A través de los pasos físicos y, sobre todo, los pasos mentales del protagonista, se nos muestran una serie de acontecimientos y reflexiones que exigen una gran implicación por parte del lector. Es necesario (¿o, como veremos al final, no tan necesario?) no perderse ni una sola frase ni una palabra. Cosa que, de todas formas, Lem consigue sin problemas: a pesar de un entramado no precisamente cómodo, es imposible abandonar la lectura. Si el estilo aparenta una cierta frialdad, el misterio en que nos sumerge el escritor y la maravillosa forma en que la información se va desgranando, desde la primera página, choca frontalmente con esa apariencia superficial. ¿Novela policíaca con ribetes de existencialismo? ¿Materialización de una imposibilidad vital? Nada de lo que diga reemplaza su lectura. Hay algo, aquí, inaprensible. Literatura honda que, como digo, puede gustar más o menos, pero nunca dejar indiferente. Y, una vez más, que ese puede gustar más o menos no induzca a error. No es excusa ni deseo de desviar del tema principal. La prosa de Lem es exquisita y perfectamente legible a la vez; sus ideas, por otra parte, para nada son circunstanciales. La fiebre del heno puede disfrutarse tanto en 1976 como en 2006. Llamo la atención –aunque no es estrictamente necesario aquí y ahora– sobre el capítulo Roma-París y su veraz descripción del atentado en el aeropuerto. ¿Quién podría decir que ha sido escrito hace treinta años?

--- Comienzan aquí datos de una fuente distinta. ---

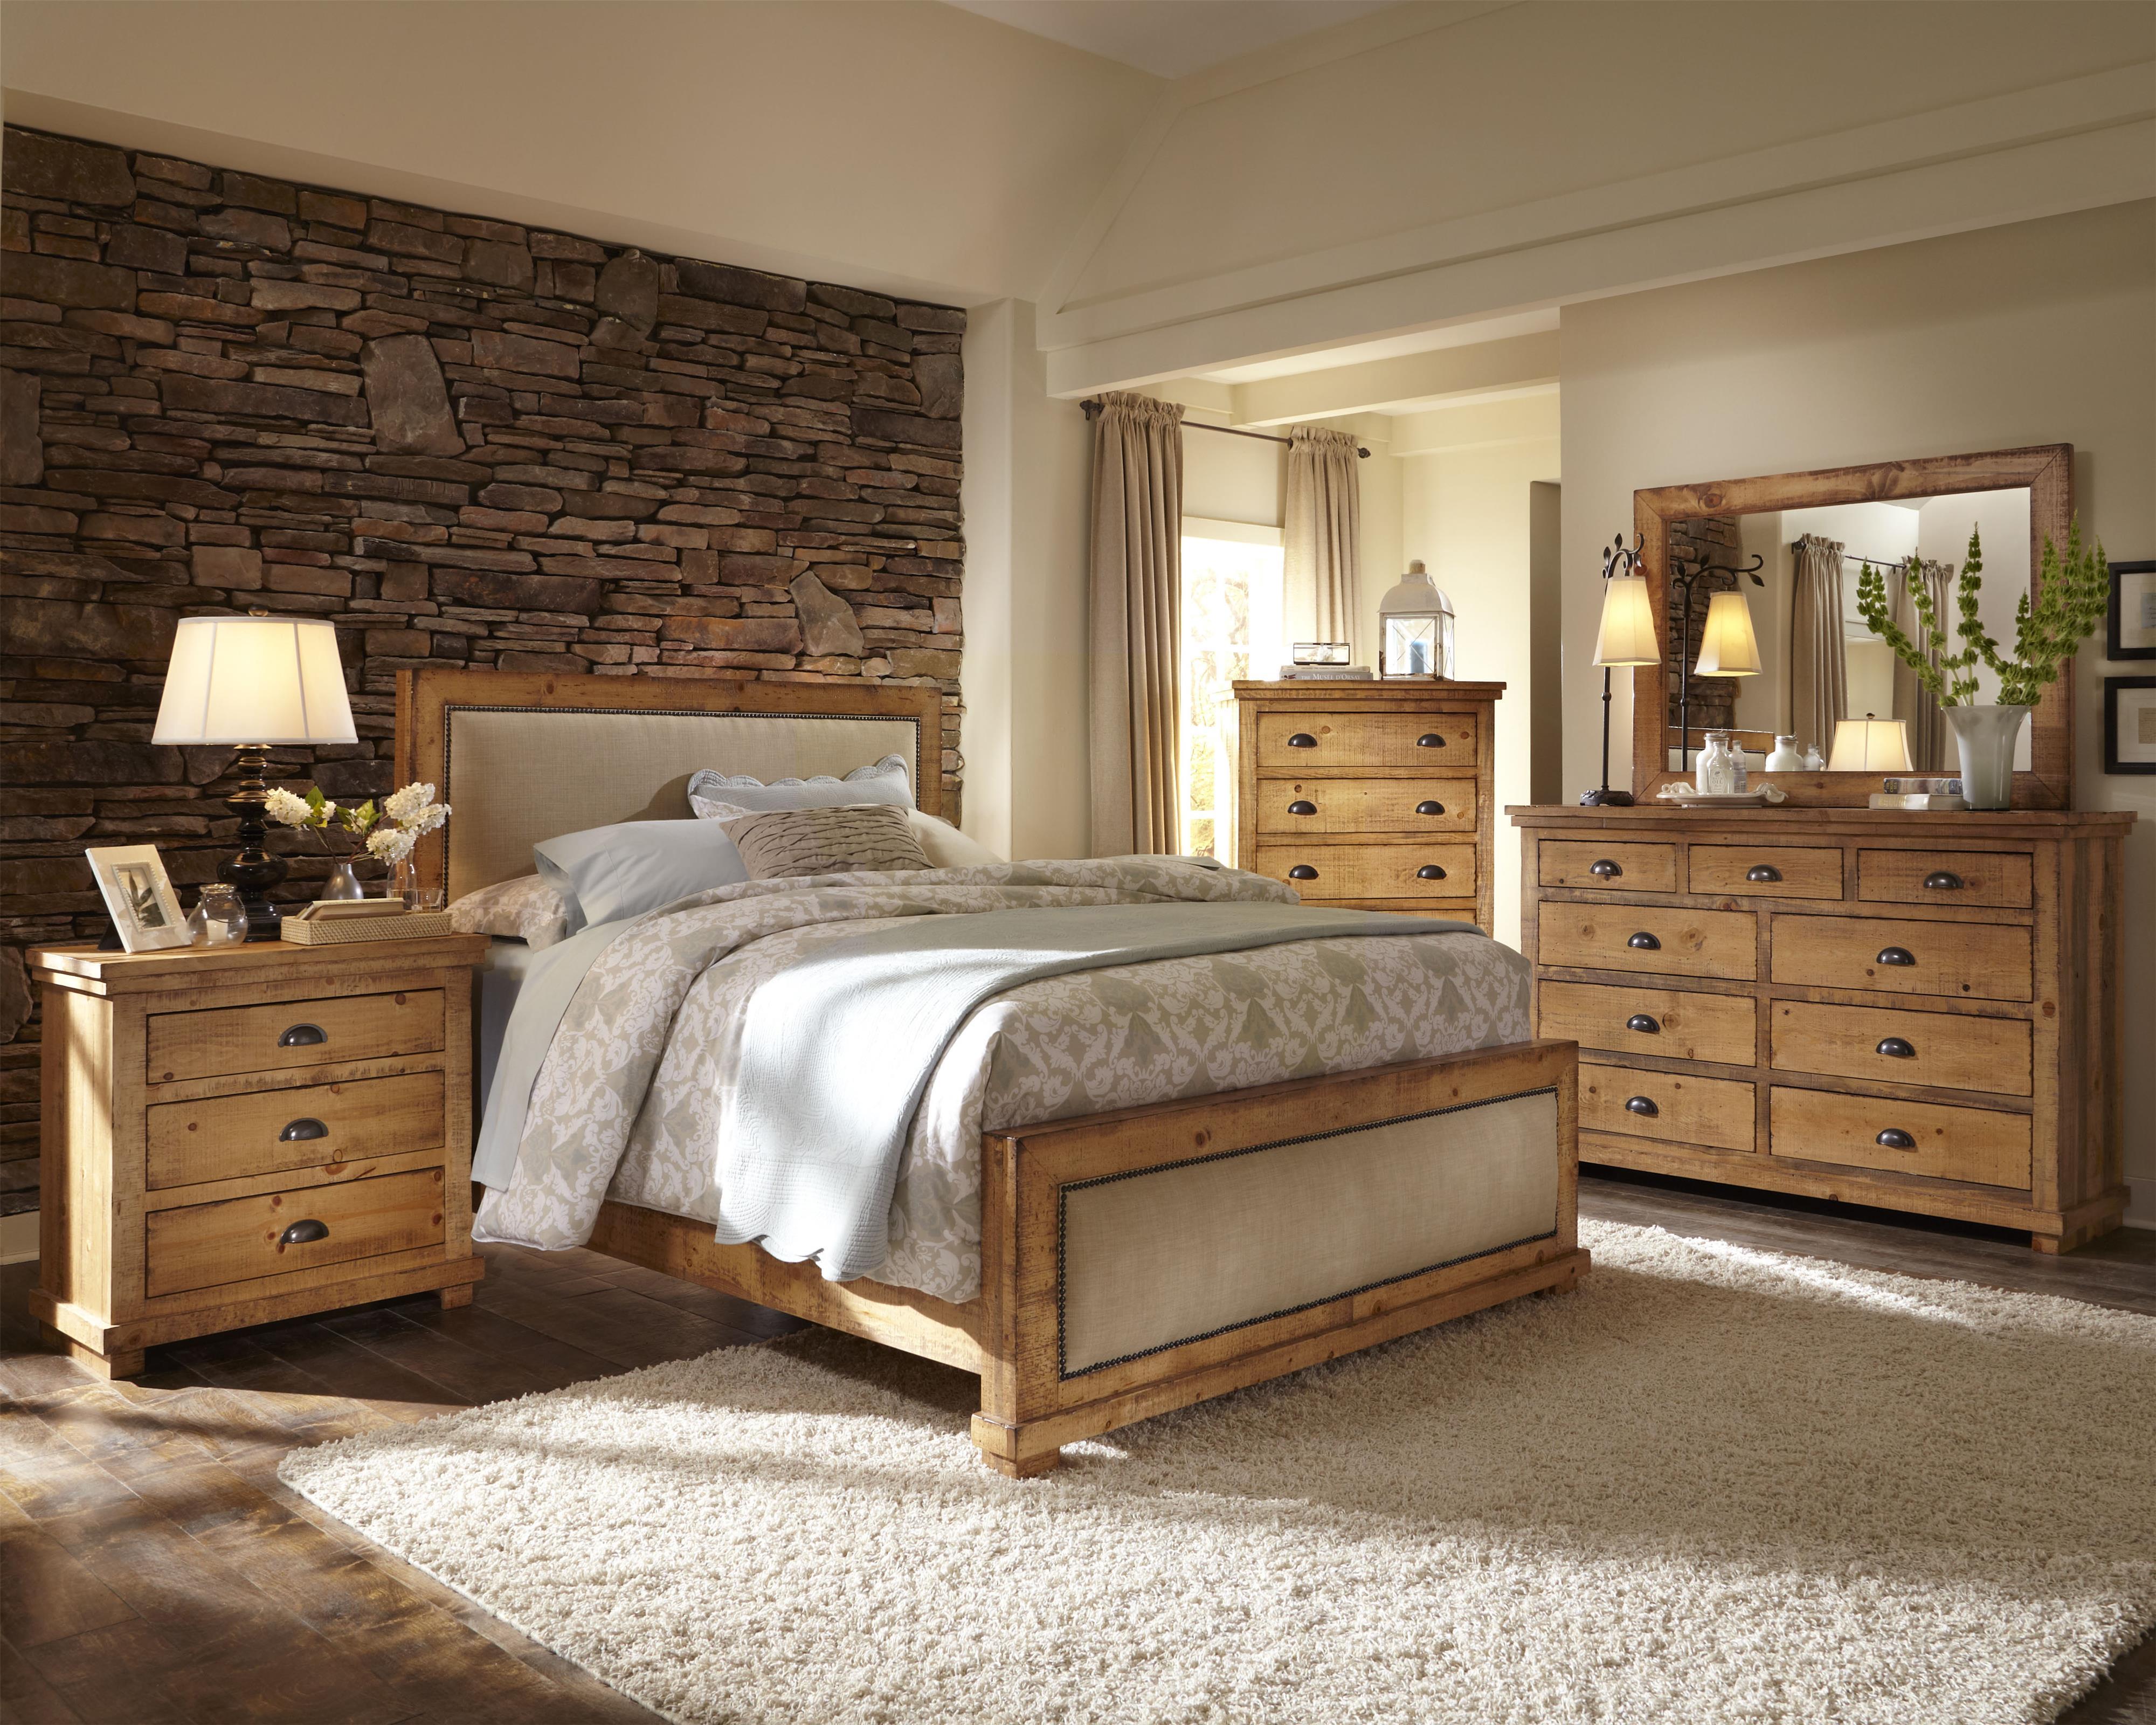 progressive furniture willow queen bedroom group | hudson's

Estamos, pues, probablemente ante una de las obras de Lem menos mencionadas al hacer un repaso de su brillante trayectoria. Antes destella Solaris, como icono personal del autor. Su Congreso de Futurología, sus Diarios de las Estrellas… Pero, rendidos ante su obra, debemos reconocer que es una de las más compactas dentro de la literatura contemporánea. Nadie puede salir impasible (para bien o para mal) de la lectura de –pongamos al azar– Edén, donde también está presente la incapacidad del hombre para comprenderlo todo. Como dice un buen amigo mío: la vida es todo aquello que te pasa mientras tú haces otros planes. Frase que, en el entramado de esta novela, es perfectamente válida.

Intentar controlar la existencia es inútil. Racionalizar no sirve de nada. Buscando las respuestas jamás las hallaremos; ellas llegarán a nosotros por caminos insospechados. Estamos ante una obra que refleja nuestra incapacidad de instaurar un orden. Que nos refleja.